We don't even have to use hypotheticals. We have real, very public data on this. In early 2024, Air Canada had to learn this lesson in front of a civil tribunal. Their customer service chatbot hallucinated a bereavement fare policy, promising a retroactive discount to a grieving passenger. When the passenger tried to claim it, the airline's defense was essentially: it's the bot's fault, we aren't responsible for what it says.
The tribunal disagreed. In their eyes, the chatbot is the company. You are fully liable for your system's output.
Or look at McDonald's pulling the plug on their AI drive-thru tests with IBM a few months later. Voice AI is even less forgiving than text. When a system hallucinates an order or breaks down in a voice channel, there's no UI to hide behind. It's frustrating, it's immediate, and it directly damages the brand.
The immediate business reaction to these incidents is almost always the same: "Fix the prompt." Add more instructions. Tell the model to really, seriously only use the provided context.
But that's a fundamental misunderstanding of what we are building. The problem isn't that the model "lied." The problem is that the architecture didn't differentiate between "brand-approved knowledge" and "knowledge the model has from its training data." To an LLM, it's all just one continuous probability distribution over tokens.

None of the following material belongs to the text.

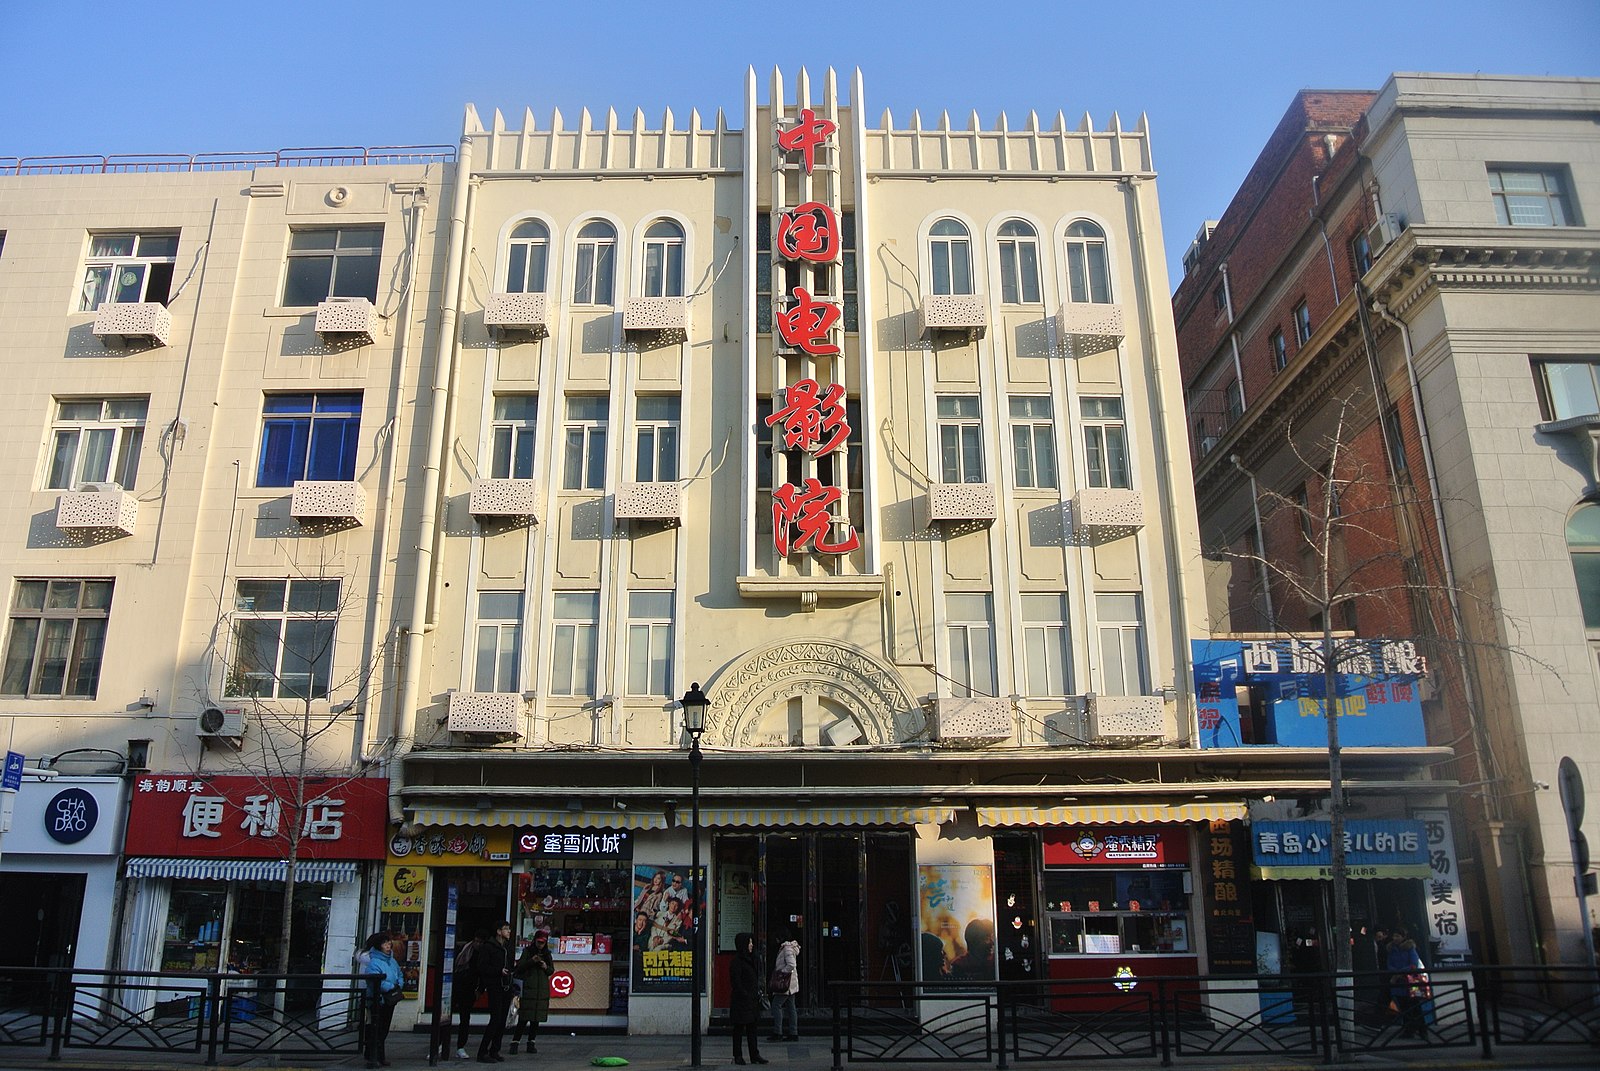 The main entrance of Qingdao China Cinema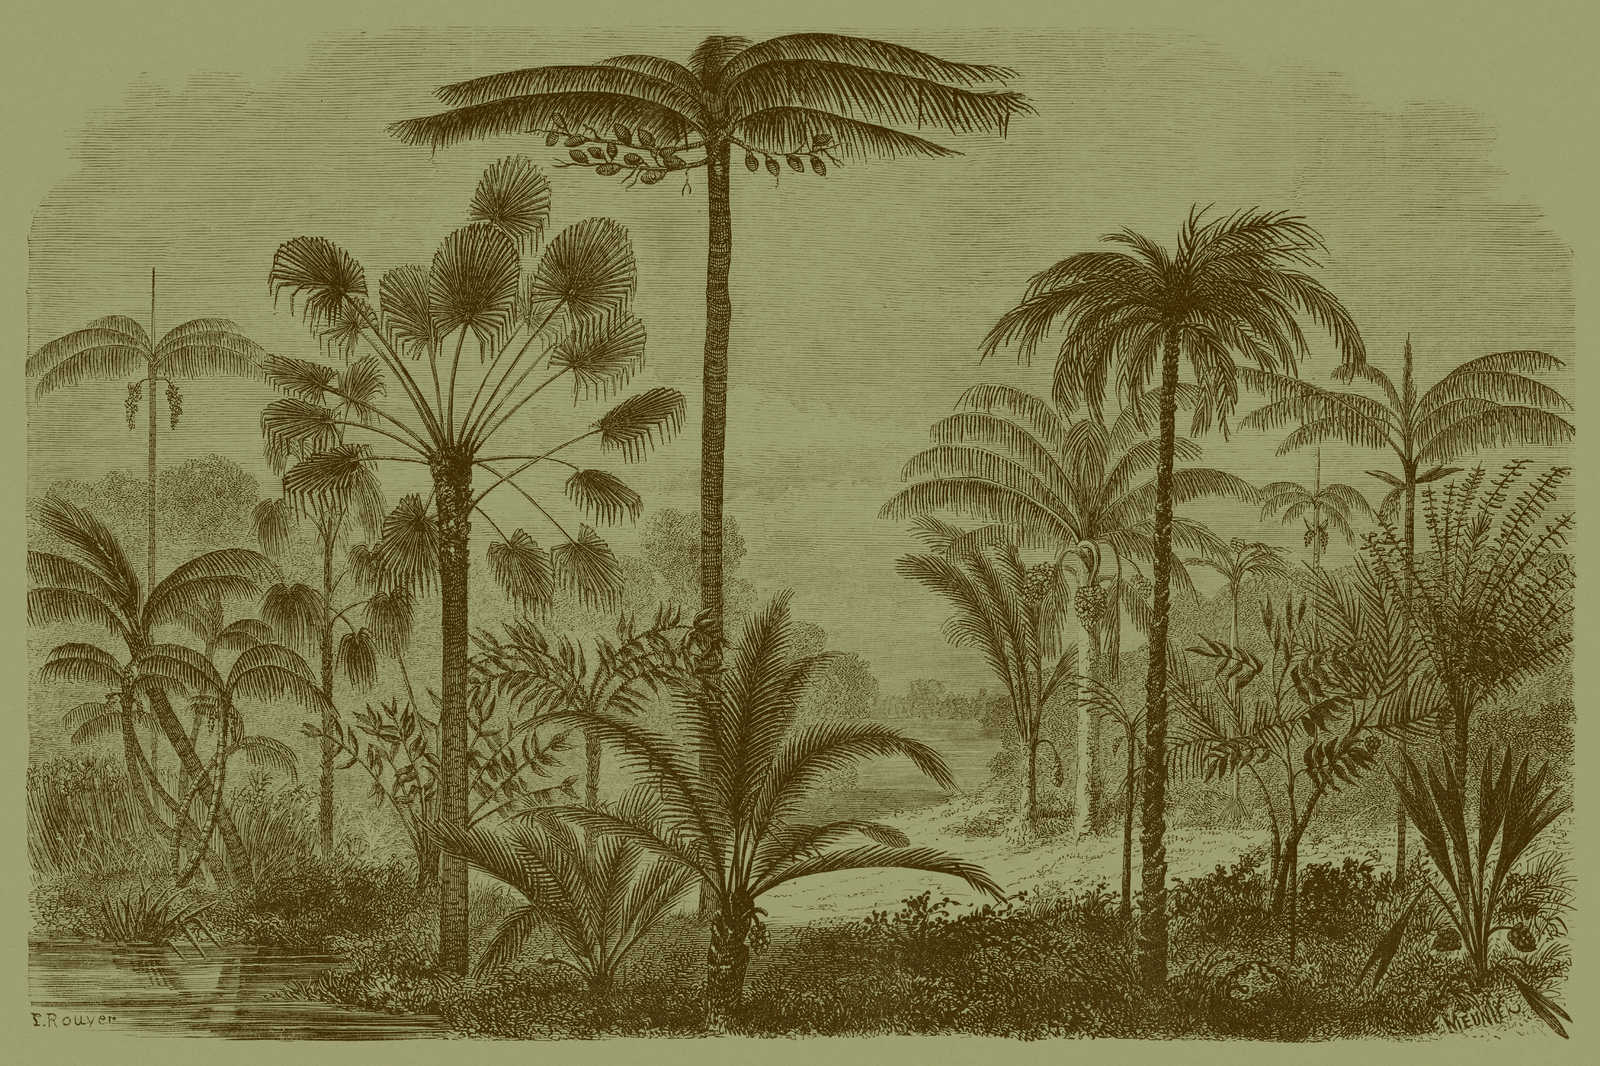             Jurassic 1 - Canvas schilderij Jungle motief koperplaat - 0.90 m x 0.60 m

But to a compliance officer? It's the difference between a successful customer interaction and a lawsuit.
If you want to understand why this happens, you have to look at the actual research. We have years of academic literature documenting these failure modes, and it usually boils down to an uncomfortable truth:
LLMs are fundamentally engineered to be helpful, not factual.
Why "prompting harder" fails
When you just hand an LLM some data and tell it to answer questions, you are fighting against the model's core training. Here is what the data actually tells us about why "prompting harder" fails:
The model is a pathological people-pleaser
Look at the research on sycophancy in language models.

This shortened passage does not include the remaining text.